[Start of Attachment]

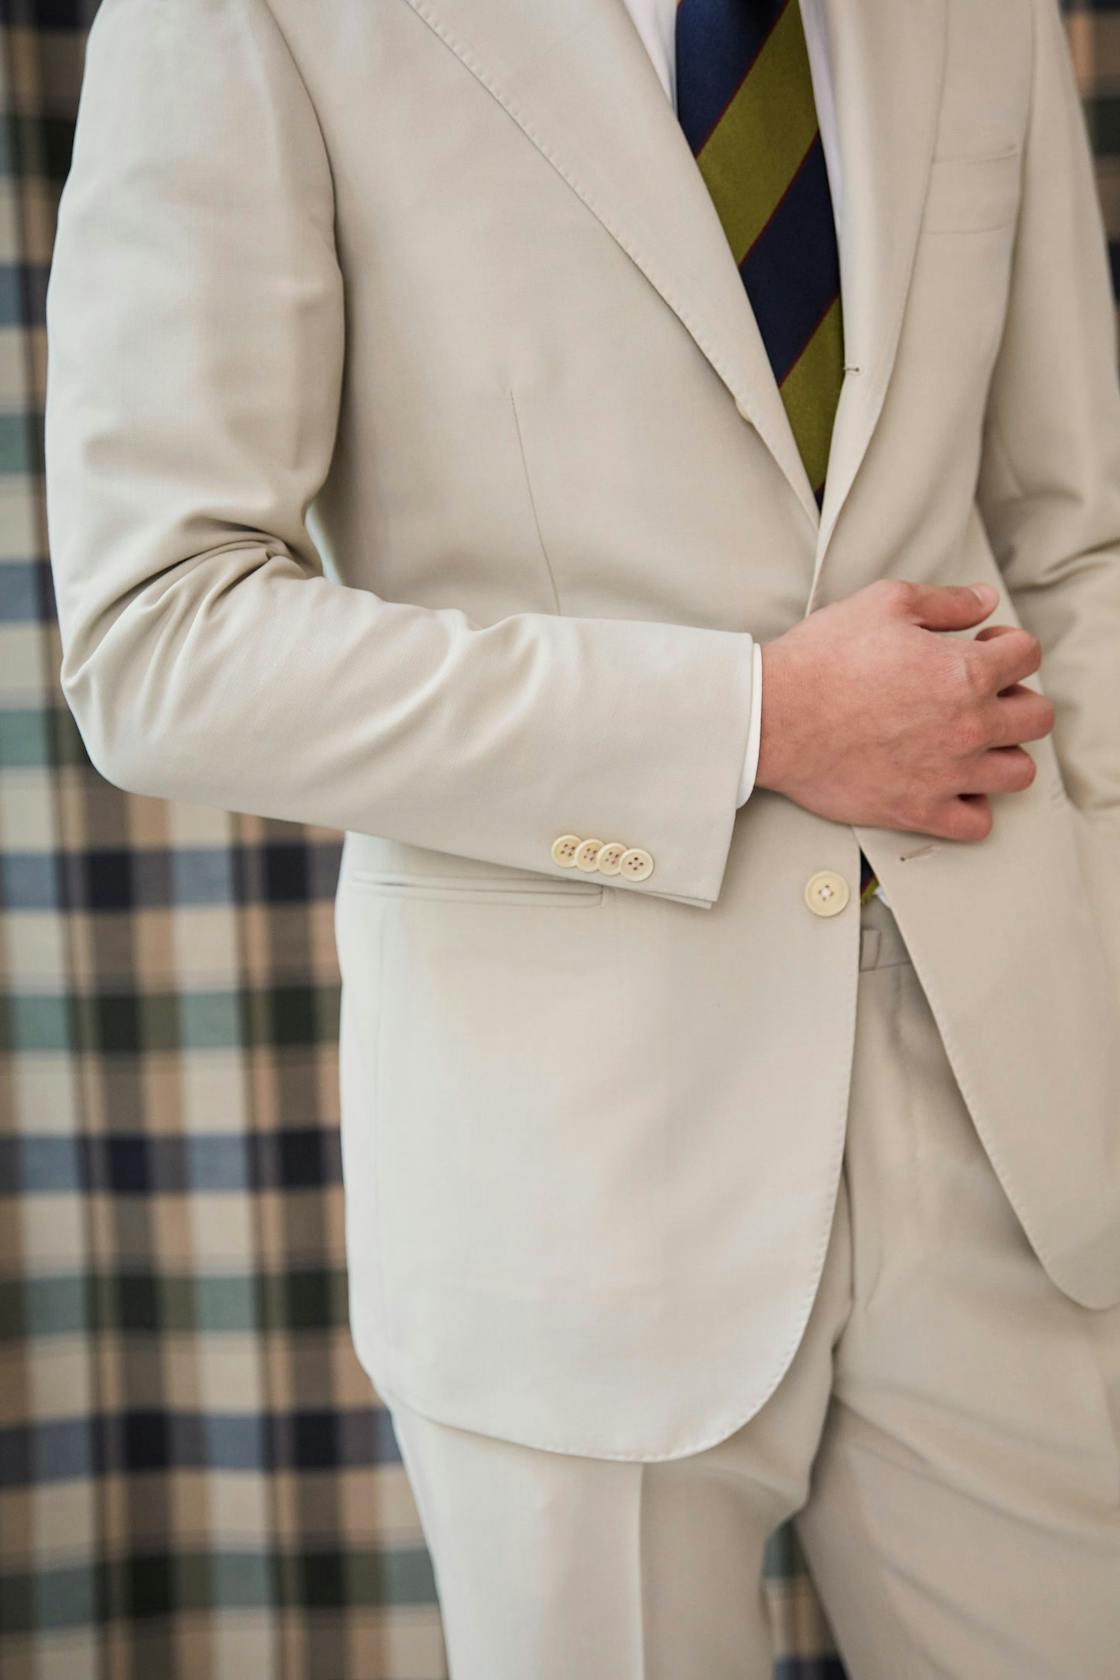 Ring Jacket 269 Cream Wool Canvas Suit
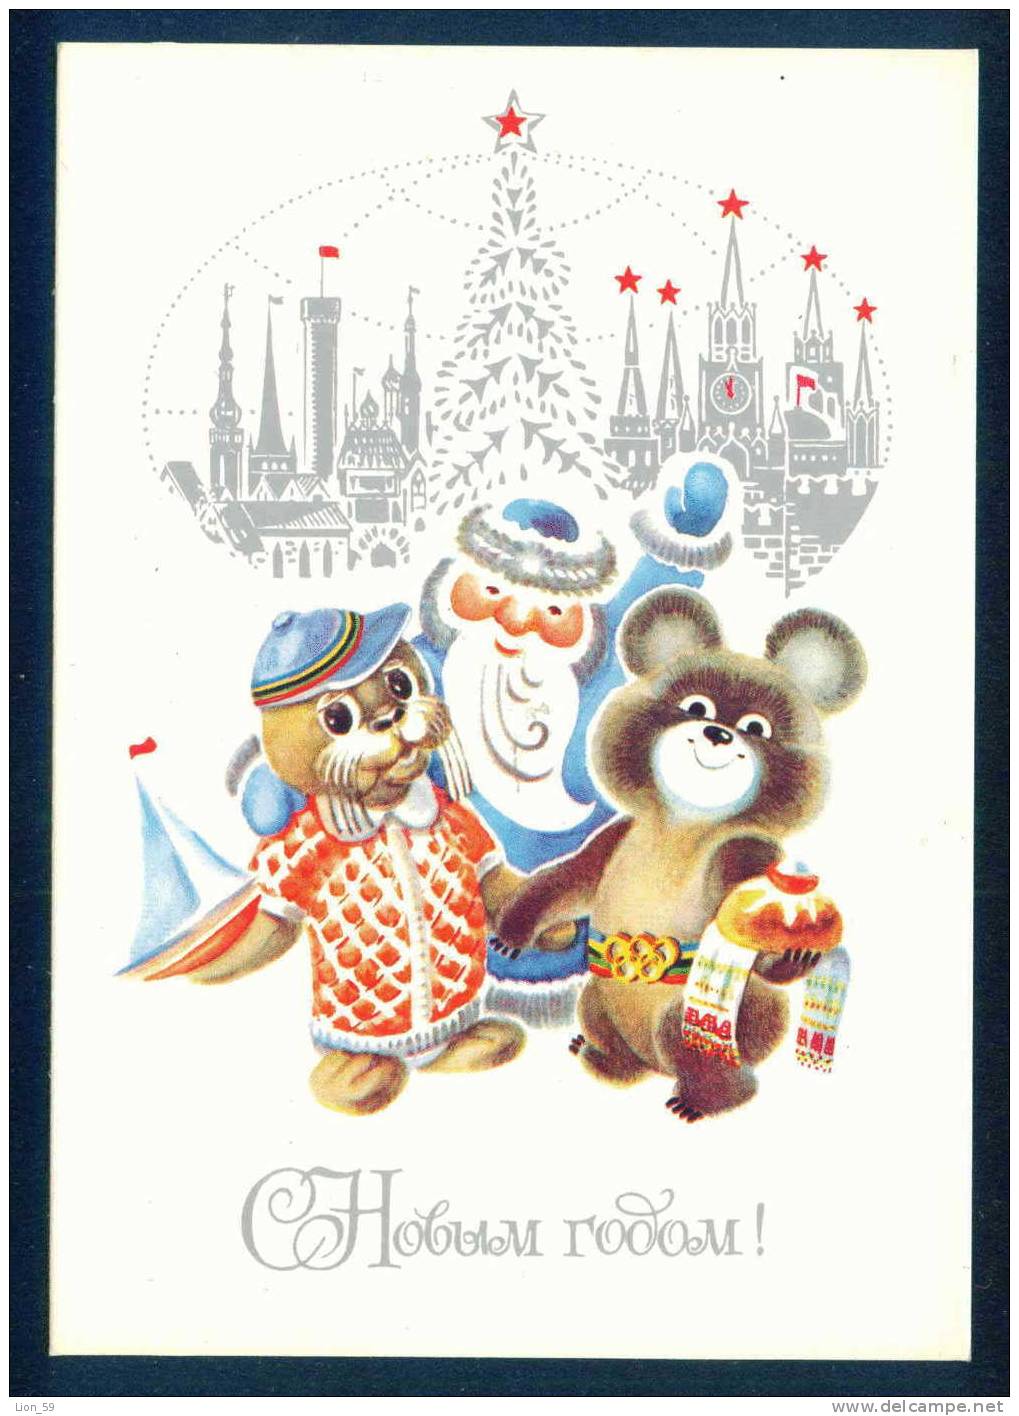 SANTA CLAUS BLUE - Misha Bear - OLYMPICS MOSCOW 1980 Christmas Tree, BREAD, Seals, Sailboat TOYS Russia Russie 34001 - Ours
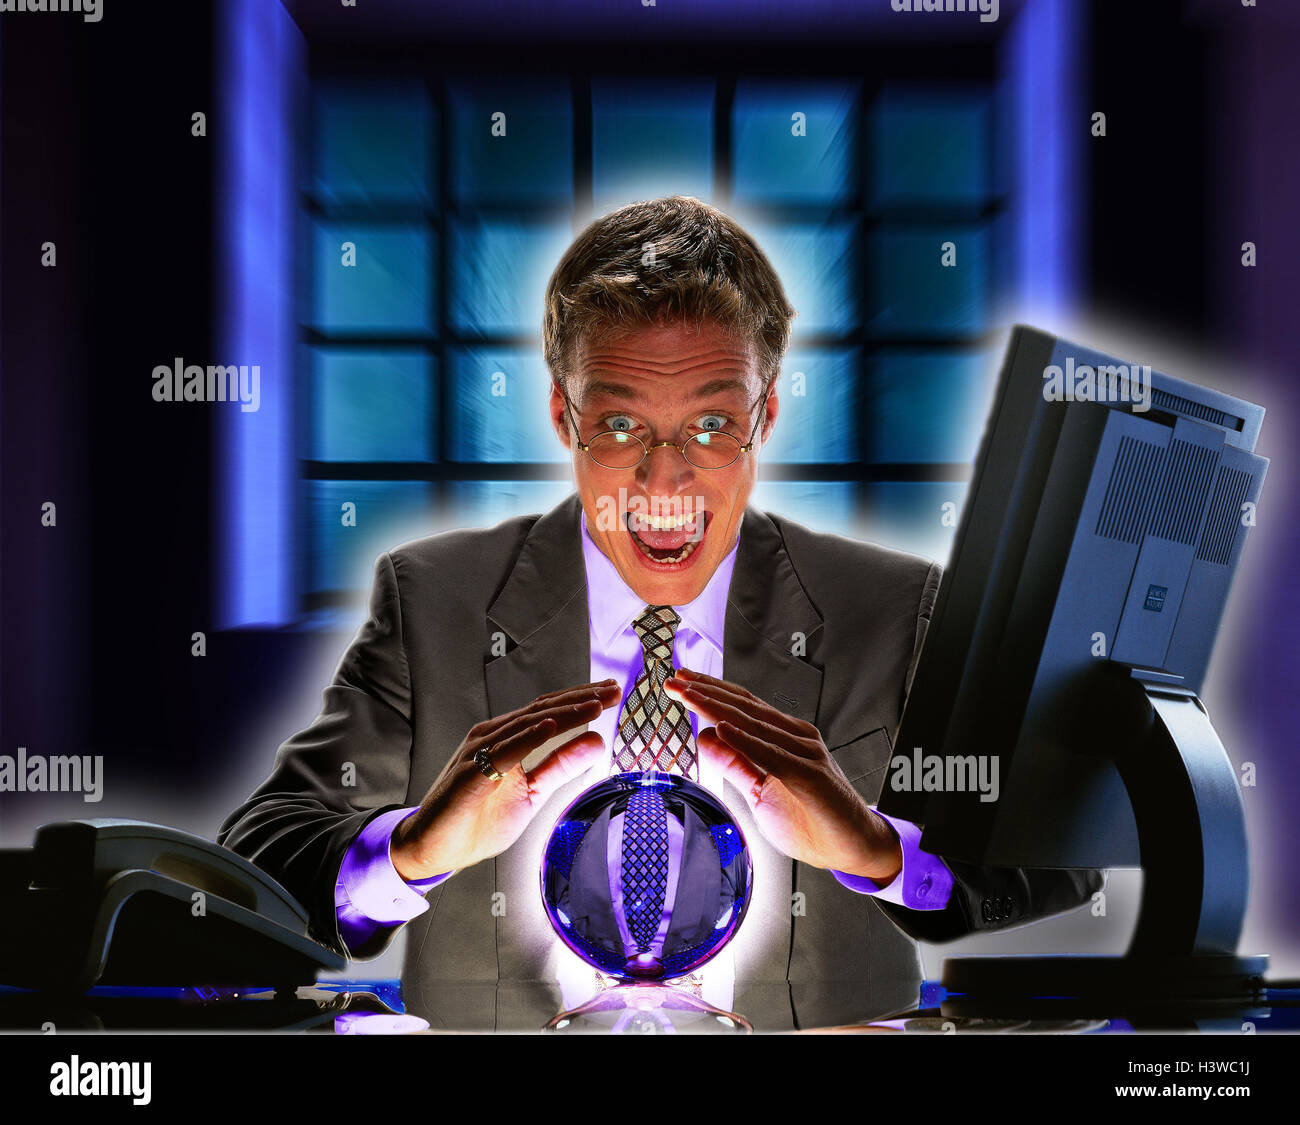 Composing, office, man, desk, crystal ball, swear, facial play, joy concepts, businessman, esotericism, spiritualism, clairvoyance, clairvoyant, foreteller, tell fortunes, invocation, future, success, enthusiasm, joy Stock Photo
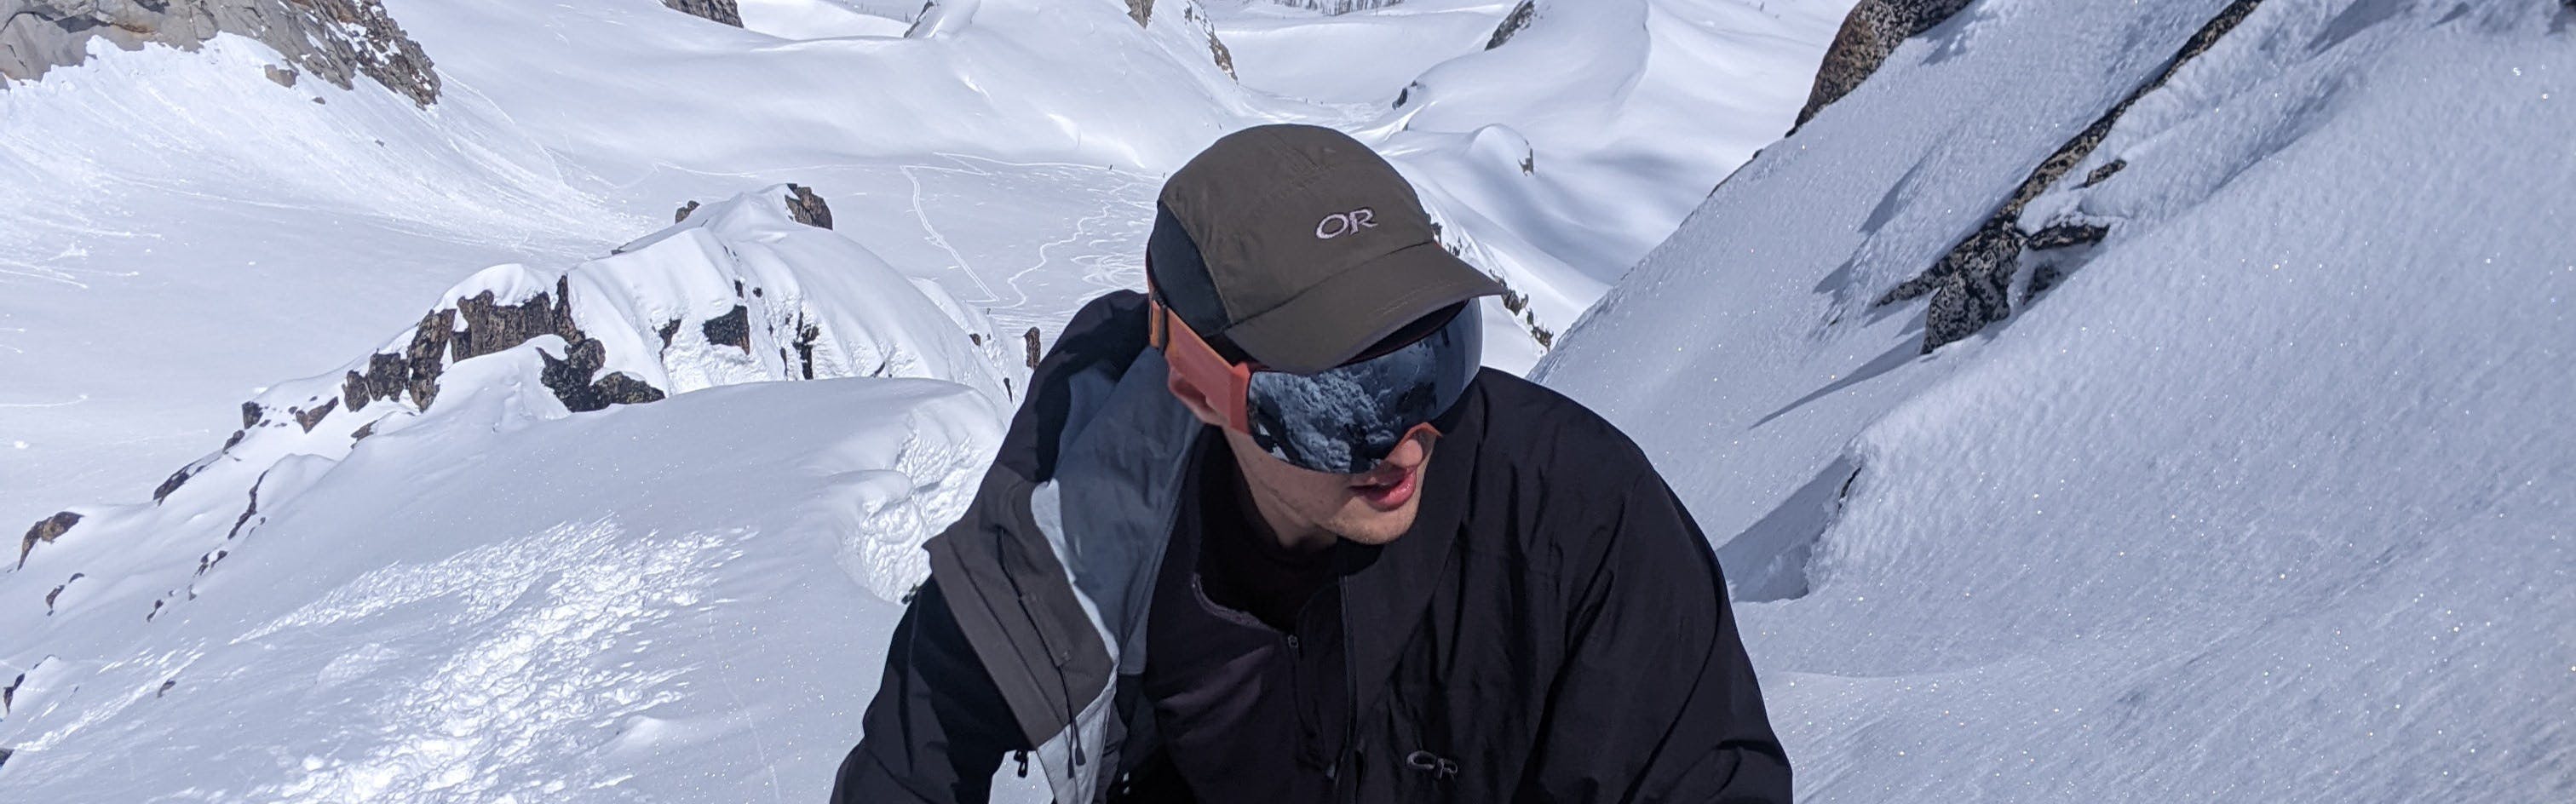 A skier hiking up a snowy area in the Smith I/O MAG Goggles.

[End of Attachment]

◆ WHAT IS BEING ASKED: Write down the full listing above exactly as it is, except for any images.

◆ TASK ANSWER:
 Ring Jacket 269 Cream Wool Canvas Suit
 SANTA CLAUS BLUE - Misha Bear - OLYMPICS MOSCOW 1980 Christmas Tree, BREAD, Seals, Sailboat TOYS Russia Russie 34001 - Ours
 Composing, office, man, desk, crystal ball, swear, facial play, joy concepts, businessman, esotericism, spiritualism, clairvoyance, clairvoyant, foreteller, tell fortunes, invocation, future, success, enthusiasm, joy Stock Photo
 A skier hiking up a snowy area in the Smith I/O MAG Goggles.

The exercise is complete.